The 10 towns along the line in Lake and Cook counties filed paperwork for a quiet corridor last Thursday, and, if all goes according to plan, no more train horns will be sounded in two weeks unless there is "imminent danger" at the 45 crossings on the line in those towns.
"Hopefully at 12:01 p.m. that day everything does go quiet," Buffalo Grove Village Manager Bill Brimm said.
It was Brimm who had taken the lead in working to establish the zone along the train line last year. The corridor group includes Round Lake Beach, Mundelein, Wheeling, Antioch, Grayslake, Vernon Hills, Lake Villa, Libertyville and Lake County.
Brimm said the process took a while as the rules were being laid out for creation of quiet corridors. The group also ran into some roadblocks when towns such as Mundelein had to decide what to do about wayside horns at train stations.
The latter devices are an alternate to train horns that Mundelein put in place in 2002. Brimm said village officials had to decide if they wanted to keep them or phase them out and eventually they decided to let them remain.
Other towns have had to do some repairs to bring their train crossings up to safety standards.
Brimm said Buffalo Grove lucked out with Route 22 construction; the Illinois Department of Transportation ended up doing the work needed at that crossing at no cost to the village.
"That was a very troublesome crossing because of how narrow it was," he said. "The construction brought it up to a modern standard with limited turning movement, and the traffic signal became interconnected."
The group overall spent $37,300 to have Lower Cost Solutions evaluate the crossings and present the findings to the Federal Railroad Administration.
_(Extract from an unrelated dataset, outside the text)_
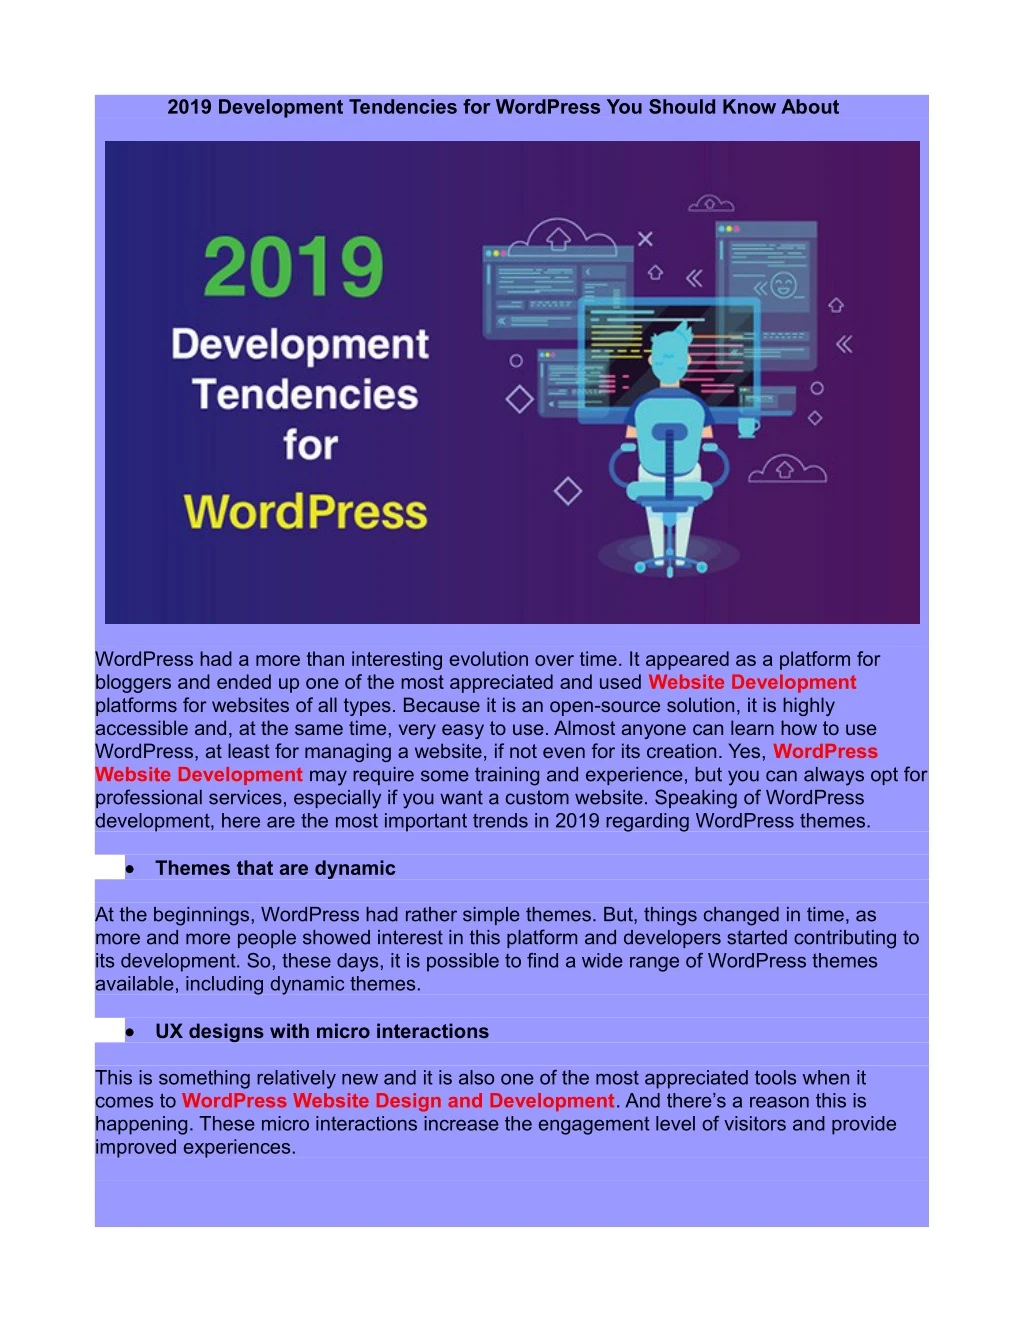 2019 development tendencies for wordpress
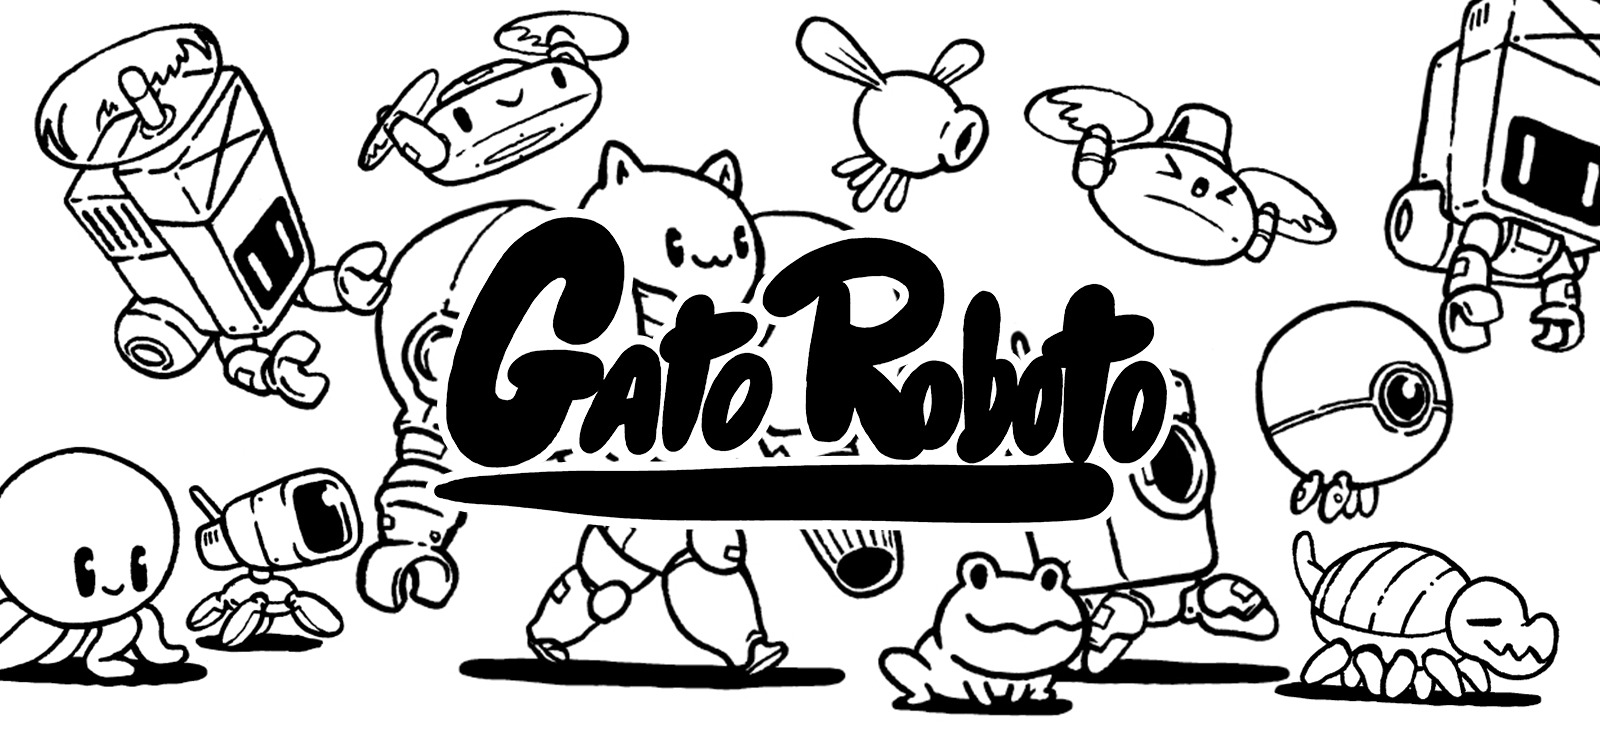 download steam gato roboto for free

Each municipality spent less than $4,000 on that part of the endeavor.
Buffalo Grove Trustee Jeff Berman earlier this week lauded Brimm for his efforts to establish the quiet zone.
"It has not been an easy task surmounting the myriad of federal and state regulatory obstacles while, at the same time, essentially herding a group of governmental cats along a very lengthy path," he said.